Exercise prompt: I'd like the entire listing output verbatim, apart from the pictures.

Provided data:
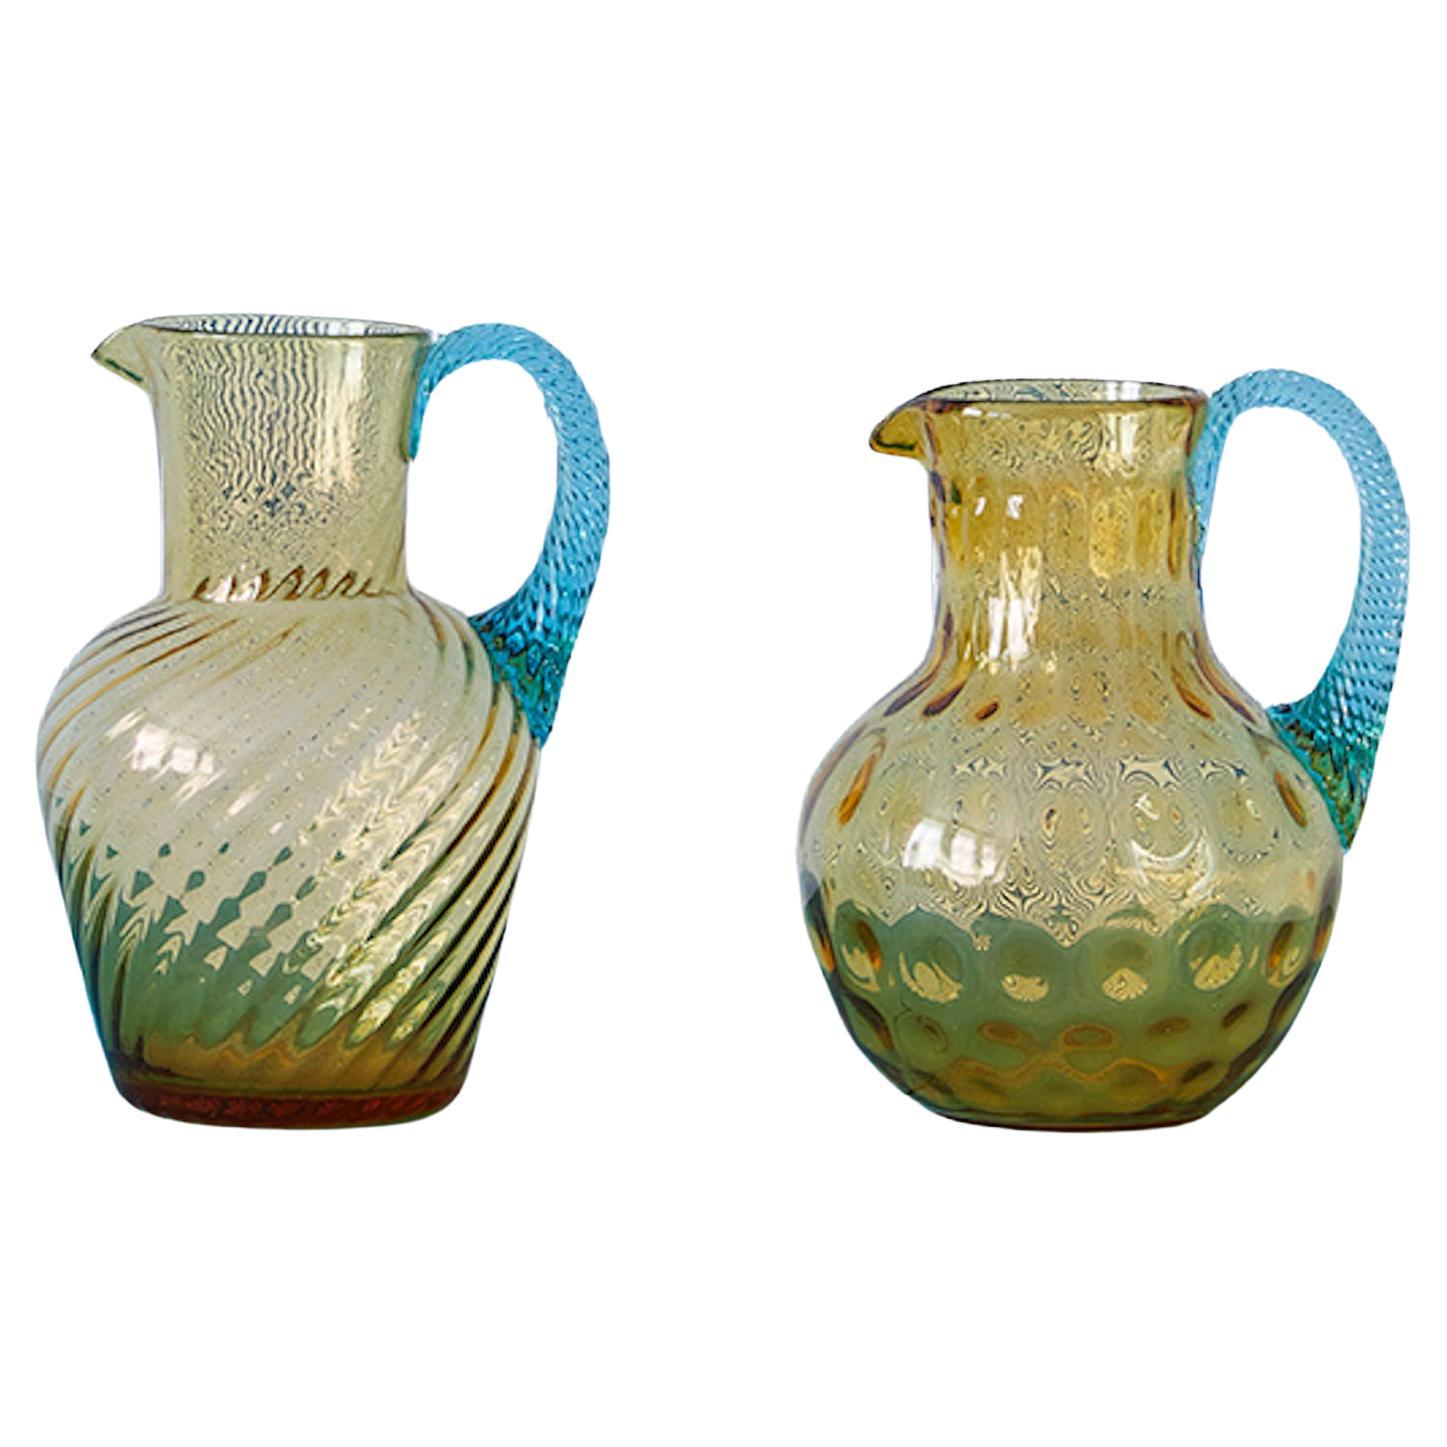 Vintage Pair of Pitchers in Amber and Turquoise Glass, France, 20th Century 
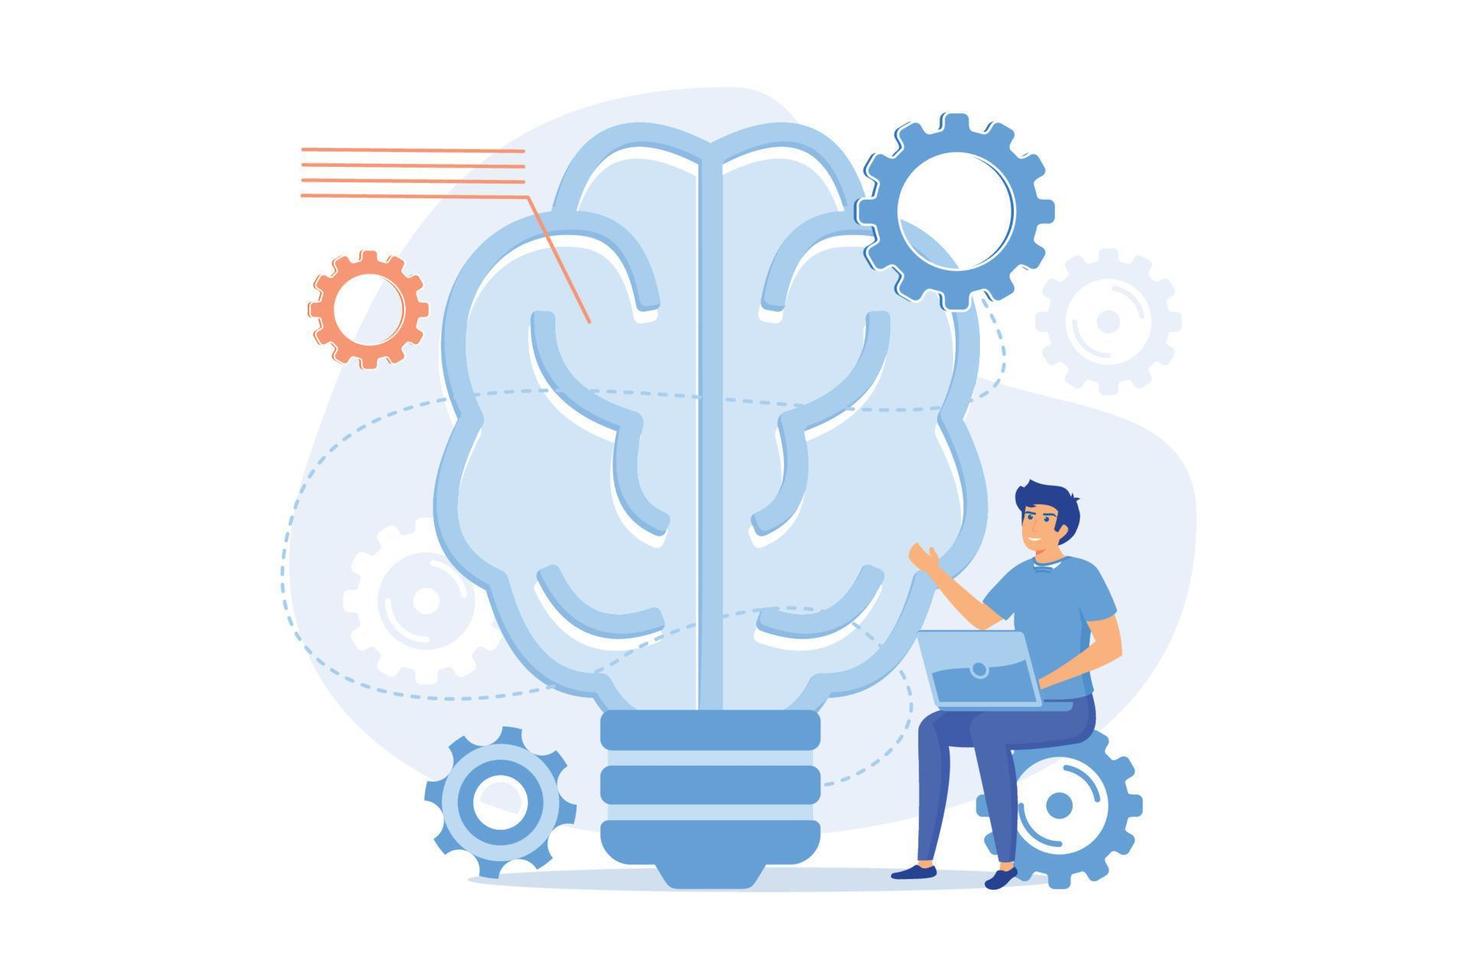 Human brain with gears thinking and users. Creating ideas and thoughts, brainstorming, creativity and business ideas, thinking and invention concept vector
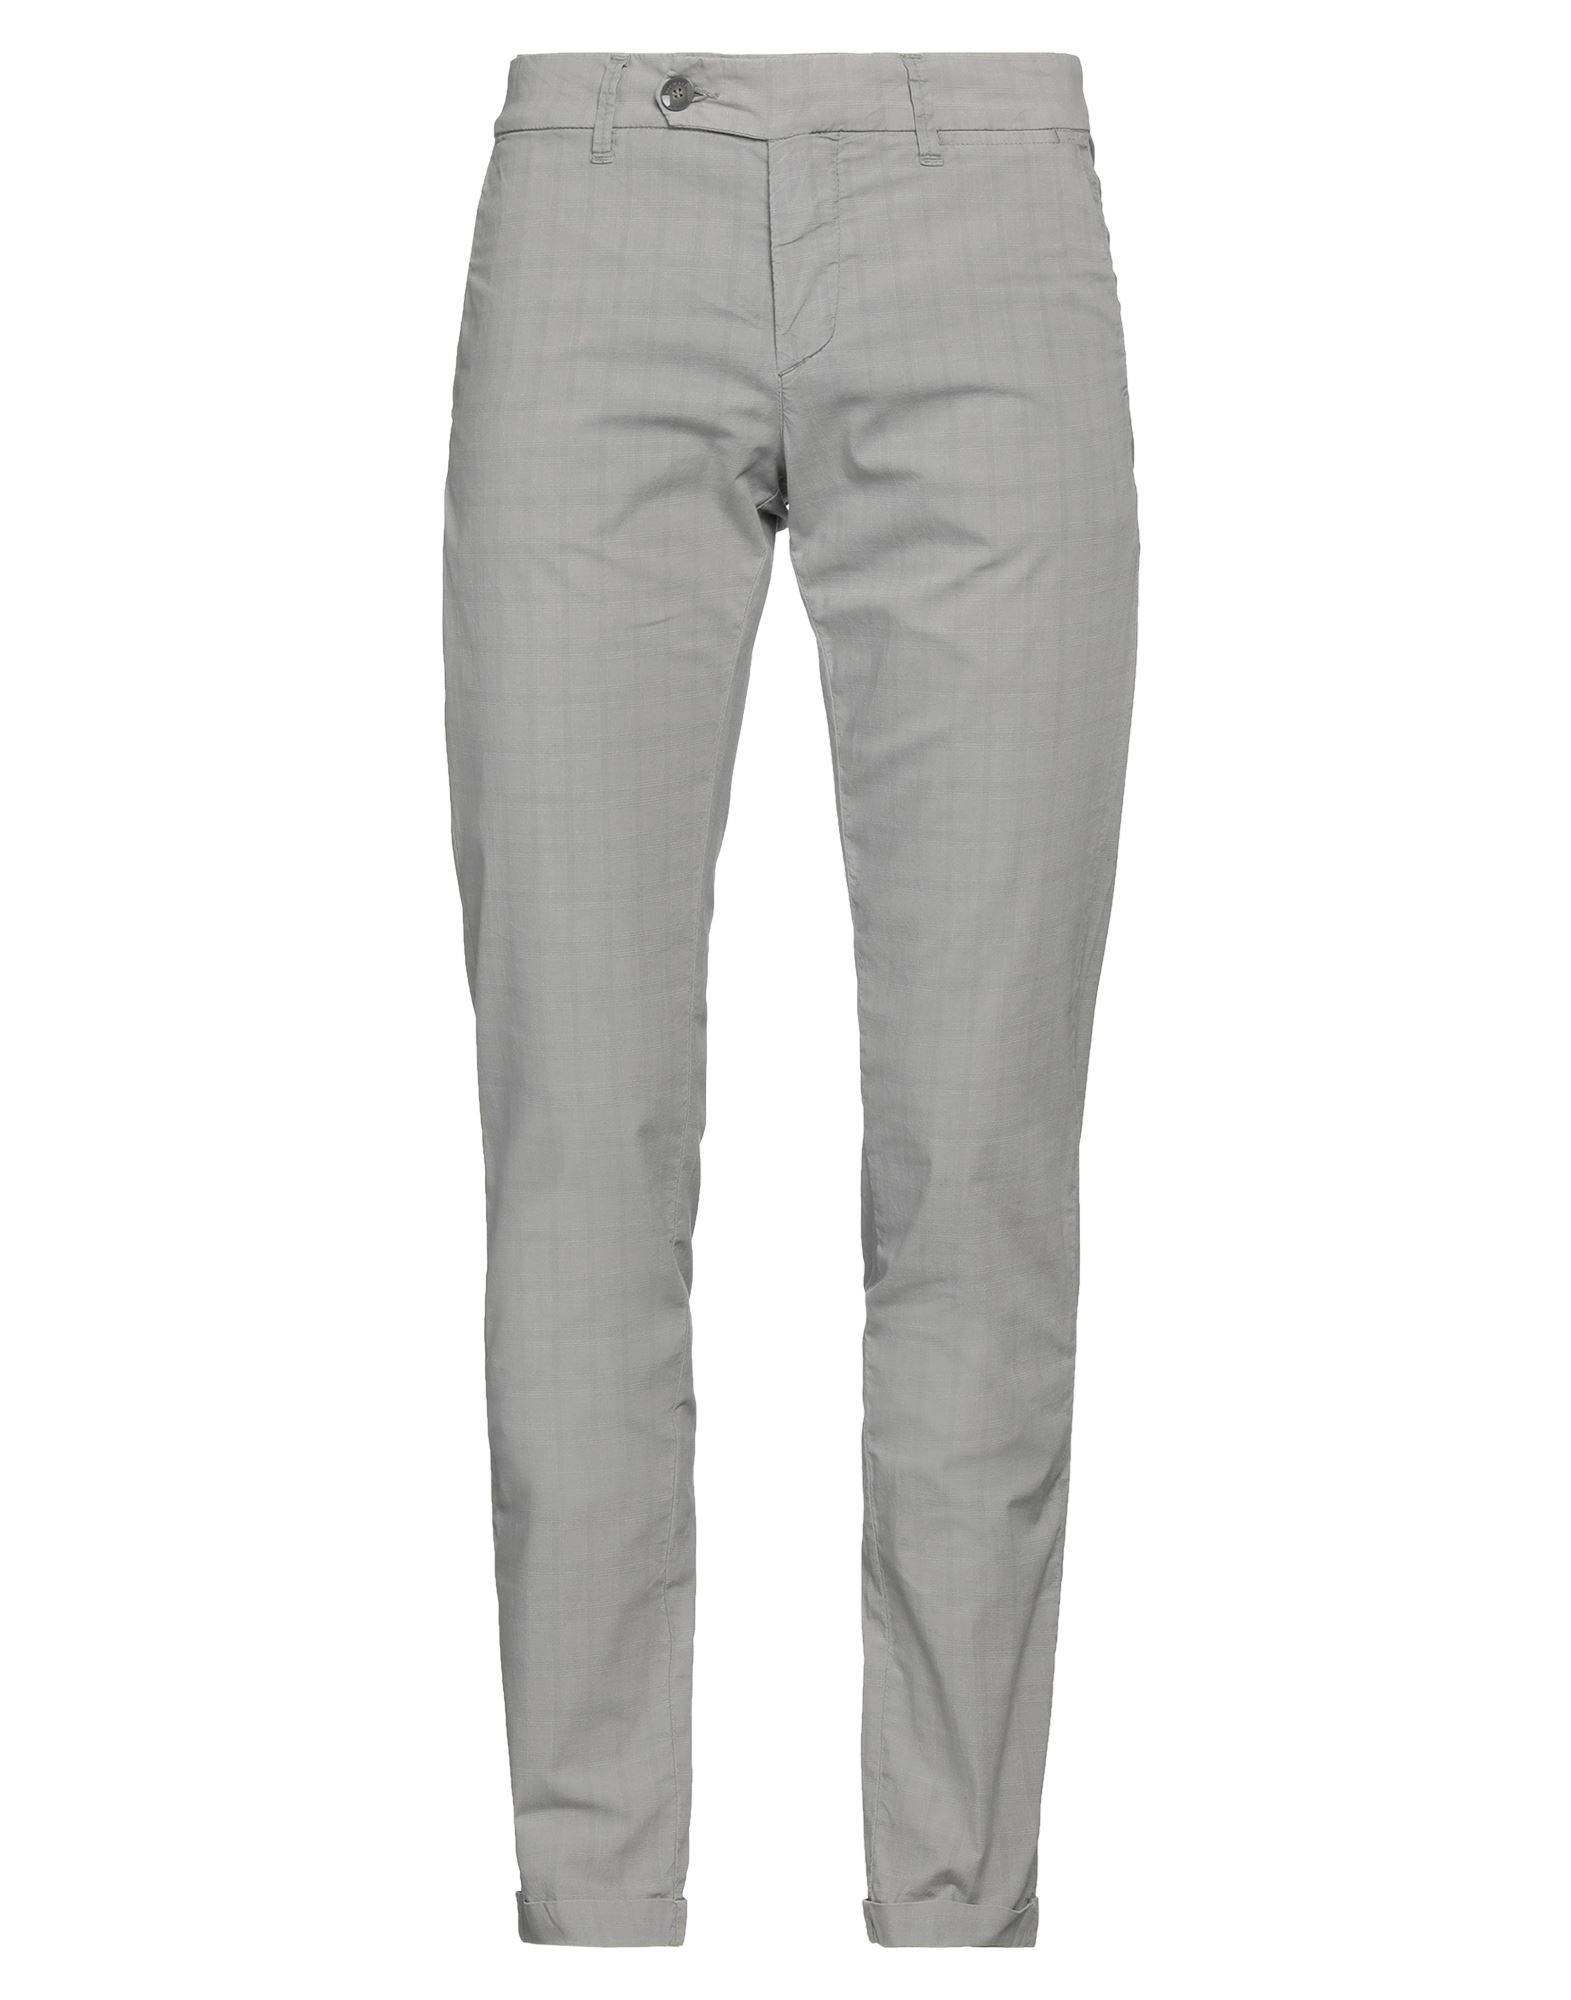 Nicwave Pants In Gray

Response for this exercise:
 Vintage Pair of Pitchers in Amber and Turquoise Glass, France, 20th Century 
 Human brain with gears thinking and users. Creating ideas and thoughts, brainstorming, creativity and business ideas, thinking and invention concept vector
 Nicwave Pants In Gray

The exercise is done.